ASSIGNMENT -
Below are the entries to work from; restate word for word the portion that opens with the line containing "Hobby Model Ent" and closes with the line containing "6d2554949a49 Adidas samba", keeping both.

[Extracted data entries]
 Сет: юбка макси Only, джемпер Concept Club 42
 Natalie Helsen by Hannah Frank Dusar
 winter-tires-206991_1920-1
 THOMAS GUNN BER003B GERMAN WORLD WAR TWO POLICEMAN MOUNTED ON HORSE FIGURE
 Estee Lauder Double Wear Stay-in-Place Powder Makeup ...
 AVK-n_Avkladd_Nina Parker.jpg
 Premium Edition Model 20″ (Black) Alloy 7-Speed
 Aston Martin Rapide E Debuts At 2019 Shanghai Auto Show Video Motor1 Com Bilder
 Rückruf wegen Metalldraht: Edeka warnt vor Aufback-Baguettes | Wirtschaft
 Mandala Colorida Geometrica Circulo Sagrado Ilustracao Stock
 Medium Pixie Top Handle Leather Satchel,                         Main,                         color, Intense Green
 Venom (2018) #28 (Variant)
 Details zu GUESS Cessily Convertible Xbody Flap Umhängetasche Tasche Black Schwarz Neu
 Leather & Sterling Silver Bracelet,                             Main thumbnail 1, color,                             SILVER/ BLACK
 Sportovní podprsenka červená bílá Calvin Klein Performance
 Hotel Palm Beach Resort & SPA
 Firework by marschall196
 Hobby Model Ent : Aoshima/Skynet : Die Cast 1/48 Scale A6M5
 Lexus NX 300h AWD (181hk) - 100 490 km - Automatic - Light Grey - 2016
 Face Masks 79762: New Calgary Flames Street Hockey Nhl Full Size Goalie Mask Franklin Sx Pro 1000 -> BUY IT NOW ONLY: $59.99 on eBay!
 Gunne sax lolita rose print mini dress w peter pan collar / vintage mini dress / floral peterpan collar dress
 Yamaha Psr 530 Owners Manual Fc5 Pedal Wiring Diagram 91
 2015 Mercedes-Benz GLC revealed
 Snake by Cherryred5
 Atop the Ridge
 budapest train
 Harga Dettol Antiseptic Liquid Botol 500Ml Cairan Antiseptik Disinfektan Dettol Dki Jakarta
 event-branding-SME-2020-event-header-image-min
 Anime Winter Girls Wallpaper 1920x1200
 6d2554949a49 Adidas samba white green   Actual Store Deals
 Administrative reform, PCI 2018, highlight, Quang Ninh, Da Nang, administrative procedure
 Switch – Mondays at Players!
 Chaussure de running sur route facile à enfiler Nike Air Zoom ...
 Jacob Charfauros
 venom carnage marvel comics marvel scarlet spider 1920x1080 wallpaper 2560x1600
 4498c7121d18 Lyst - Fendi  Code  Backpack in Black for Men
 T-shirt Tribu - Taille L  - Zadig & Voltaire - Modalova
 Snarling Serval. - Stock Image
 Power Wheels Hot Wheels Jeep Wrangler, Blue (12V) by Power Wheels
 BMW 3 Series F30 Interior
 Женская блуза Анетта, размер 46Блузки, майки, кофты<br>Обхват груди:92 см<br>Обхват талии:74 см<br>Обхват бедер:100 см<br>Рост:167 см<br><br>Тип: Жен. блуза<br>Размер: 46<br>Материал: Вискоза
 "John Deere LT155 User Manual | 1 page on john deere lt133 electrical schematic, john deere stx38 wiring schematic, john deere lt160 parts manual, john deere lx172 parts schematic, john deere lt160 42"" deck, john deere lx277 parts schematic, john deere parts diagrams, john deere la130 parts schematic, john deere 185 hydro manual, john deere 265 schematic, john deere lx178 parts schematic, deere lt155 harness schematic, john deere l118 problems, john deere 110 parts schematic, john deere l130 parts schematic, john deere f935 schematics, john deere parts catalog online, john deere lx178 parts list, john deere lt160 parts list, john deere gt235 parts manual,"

ANSWER TO THIS TASK -
 Hobby Model Ent : Aoshima/Skynet : Die Cast 1/48 Scale A6M5
 Lexus NX 300h AWD (181hk) - 100 490 km - Automatic - Light Grey - 2016
 Face Masks 79762: New Calgary Flames Street Hockey Nhl Full Size Goalie Mask Franklin Sx Pro 1000 -> BUY IT NOW ONLY: $59.99 on eBay!
 Gunne sax lolita rose print mini dress w peter pan collar / vintage mini dress / floral peterpan collar dress
 Yamaha Psr 530 Owners Manual Fc5 Pedal Wiring Diagram 91
 2015 Mercedes-Benz GLC revealed
 Snake by Cherryred5
 Atop the Ridge
 budapest train
 Harga Dettol Antiseptic Liquid Botol 500Ml Cairan Antiseptik Disinfektan Dettol Dki Jakarta
 event-branding-SME-2020-event-header-image-min
 Anime Winter Girls Wallpaper 1920x1200
 6d2554949a49 Adidas samba white green   Actual Store Deals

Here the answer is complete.